When I interview people, I want people to be able to do something for me. What can you do for this group? And our students can do things, and they also understand how to solve problems.

I want them to realize the power of the science, the power that they have to effect change, the power that they have to create a new dynamic of things. They’re very efficiently trained as scientists, but also that message of what they can do, what they can create, and how they can really solve problems.

Q: What do you hope comes out of this lab in the future?

A: Our objective is commercialization. The first component that we’re looking at is the zinc.
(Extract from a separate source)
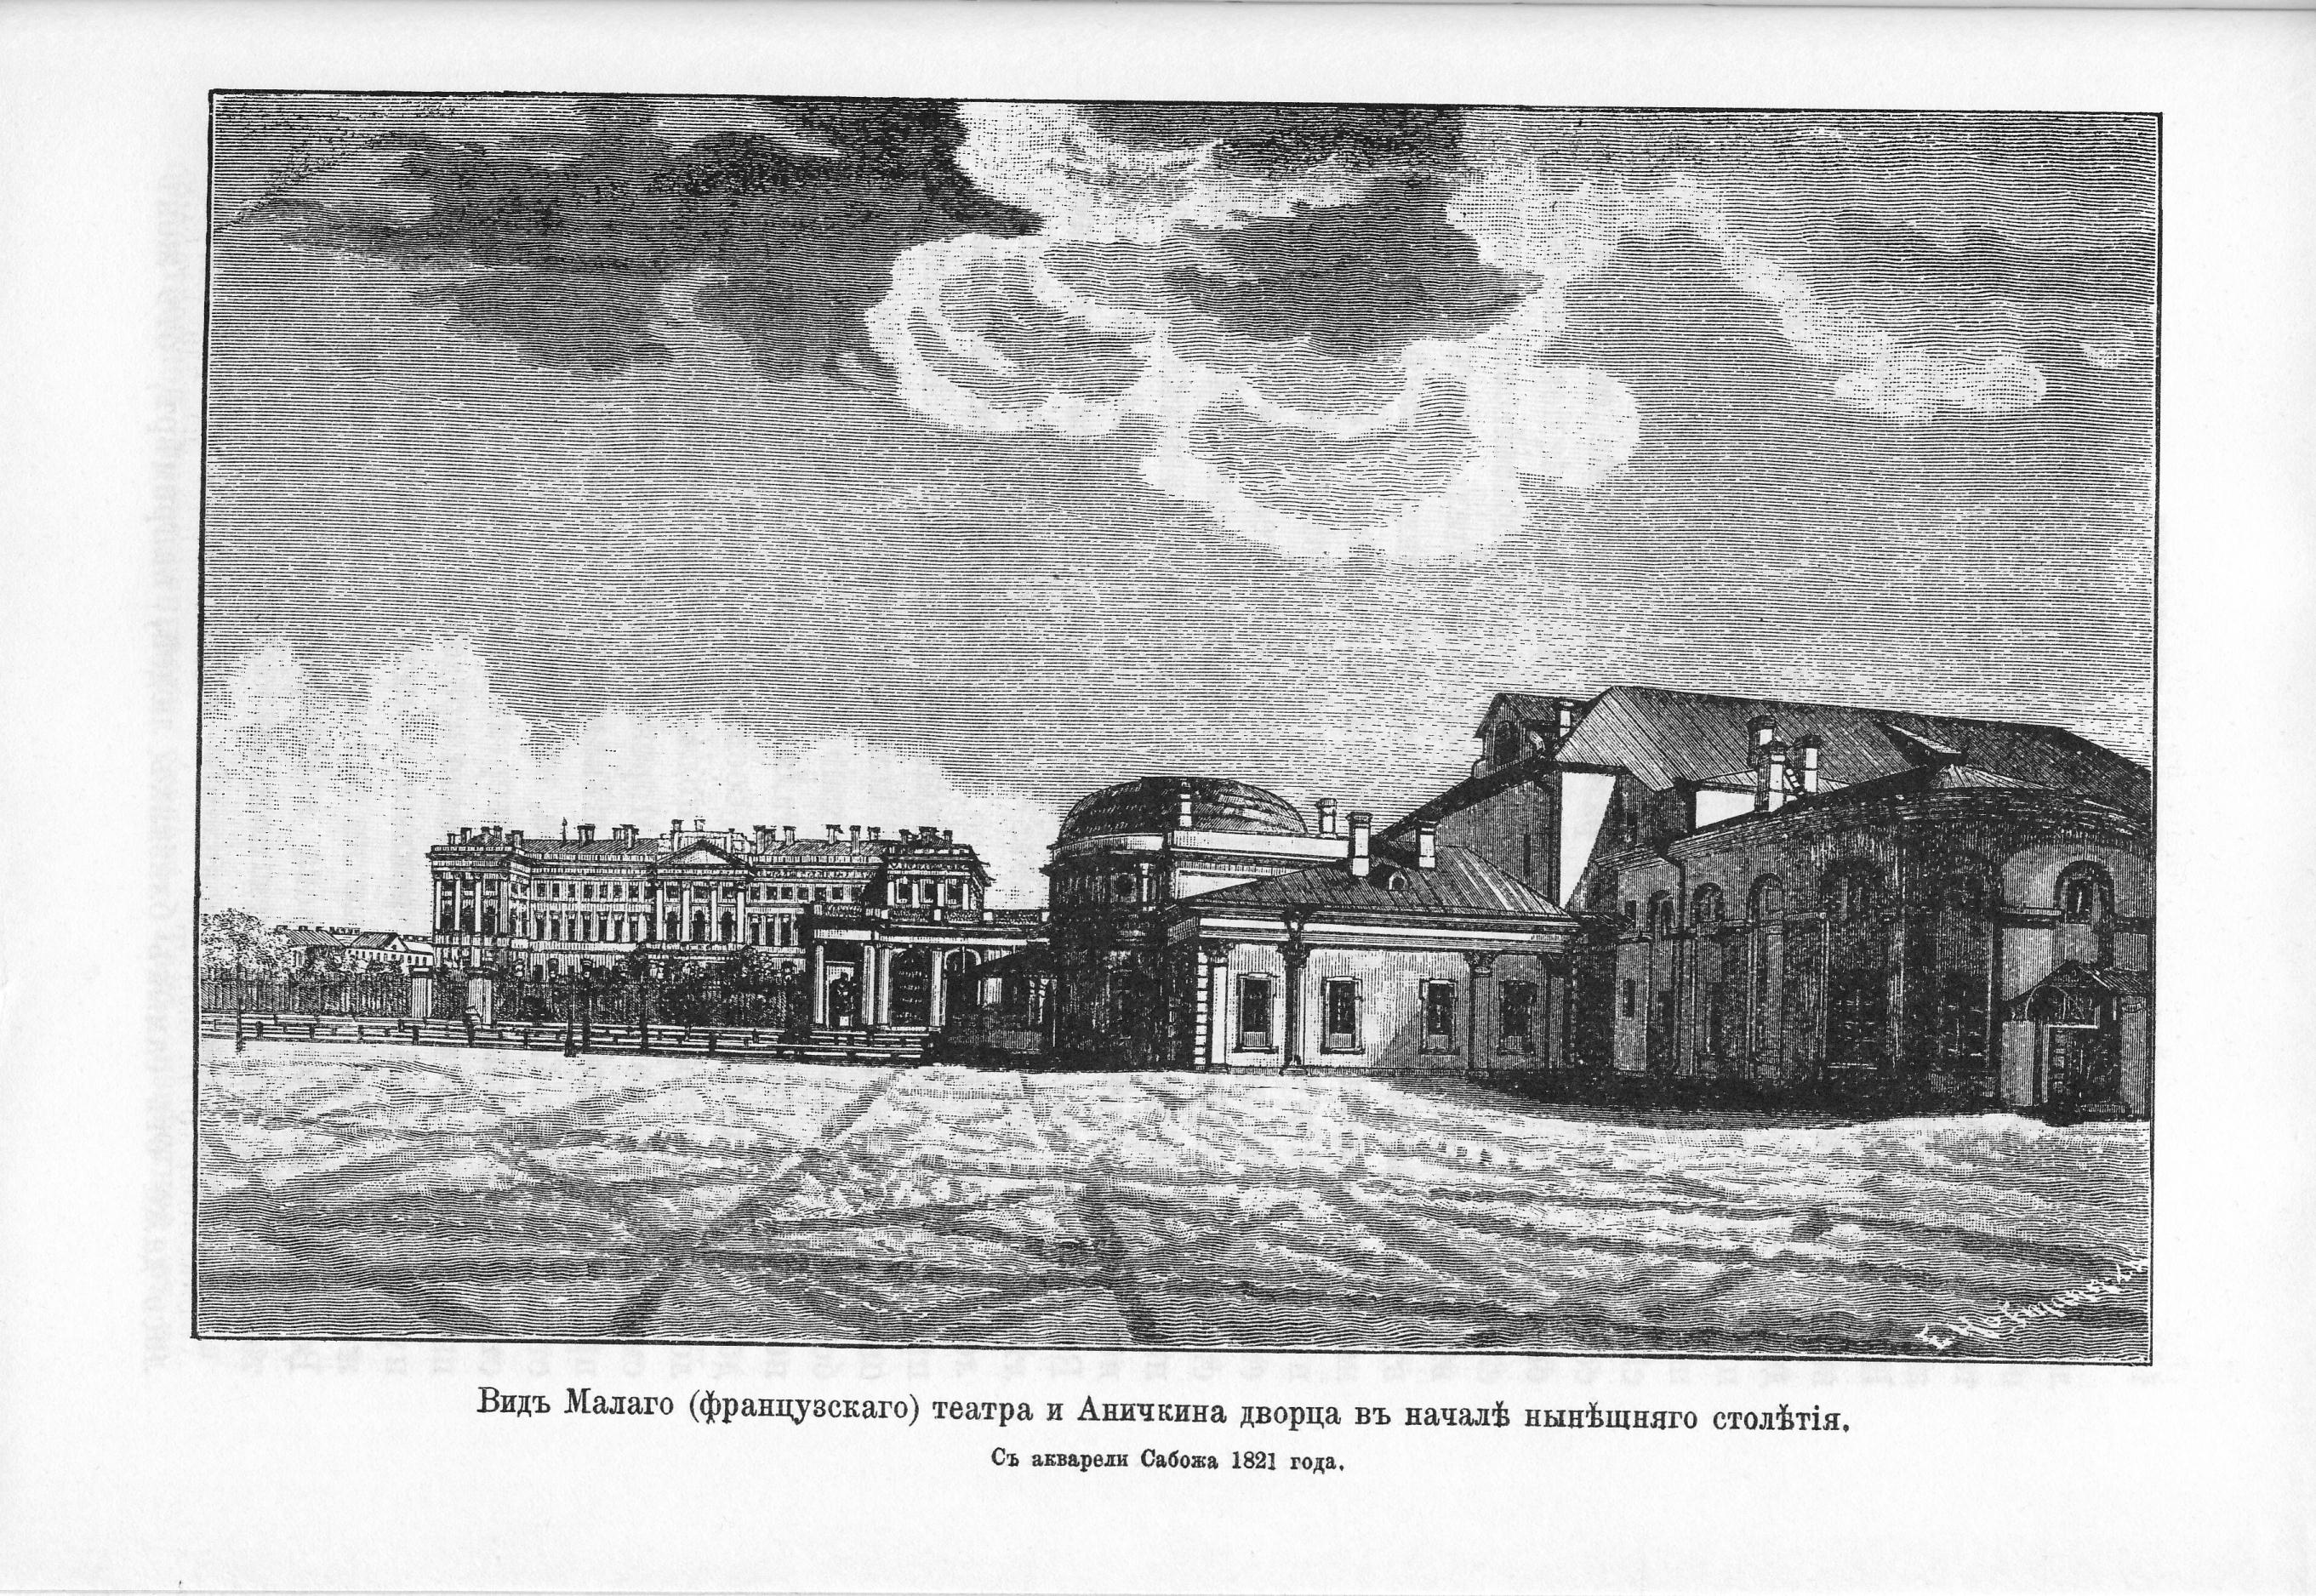 Вид Малого театра
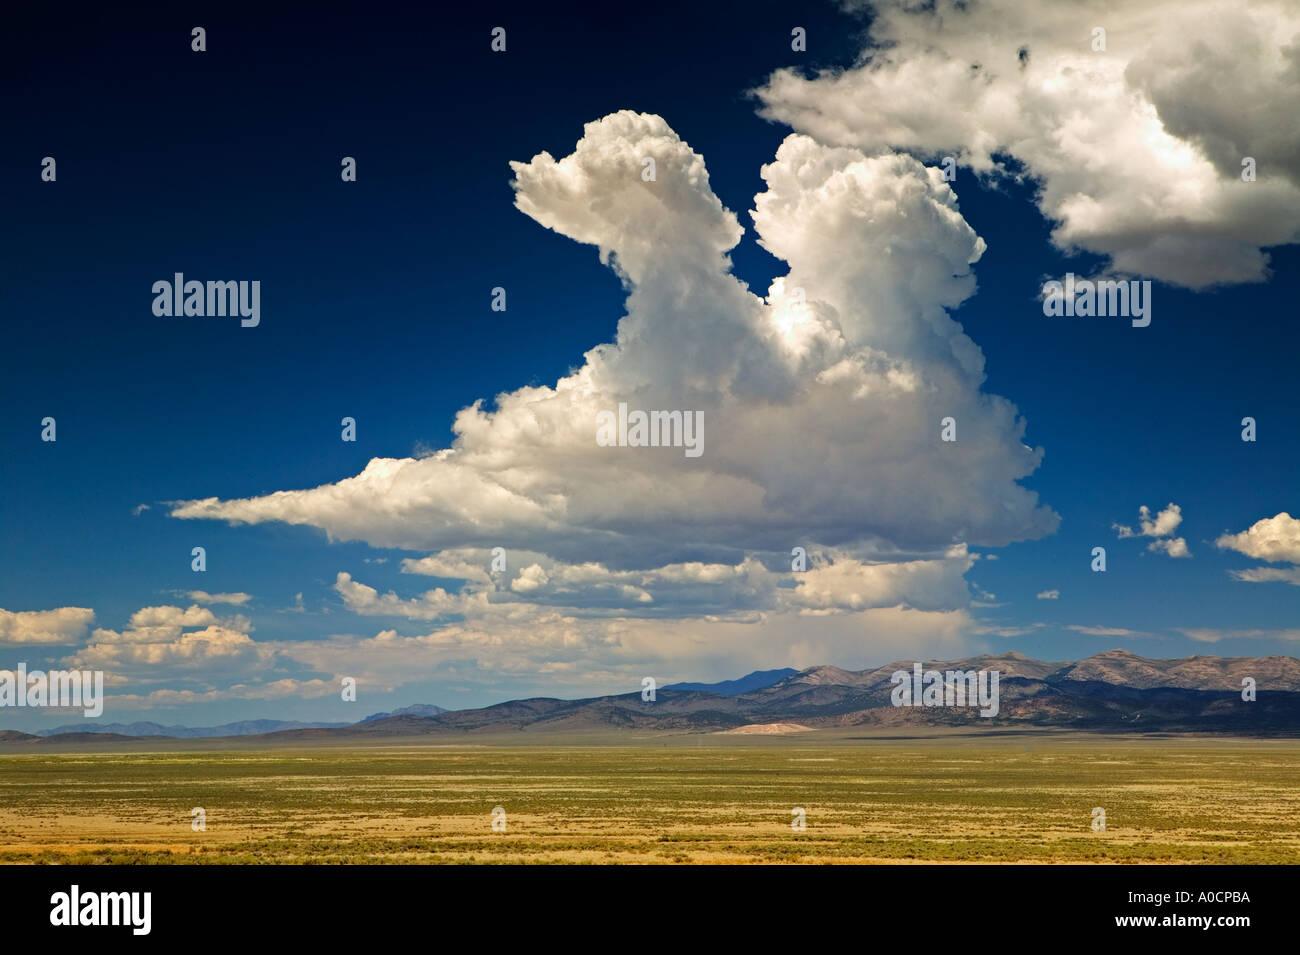 Anfang Gewitterwolken in der Nähe von Elko, Nevada Stockbild

We are looking to develop partnerships with industry to find opportunities to commercialize the technology. And that really is sort of my goal, my goal is to take some component of this technology.

One of our projects that we’re just developing now is lead. It’s about removing lead. So we take our technology, our Cholestosome, and we put chelators in them, and we deliver it to neural cells that have been treated with lead, and we’re able to suck out the lead.

When we treat kids or whatever with chelators, when they have lead poisoning, it doesn’t take the lead out of their brain. It just takes it out of the bloodstream.

And so the damage that’s done neurologically is there, it doesn’t go away. And so those kinds of things … commercializing something like that, it would be very, very powerful.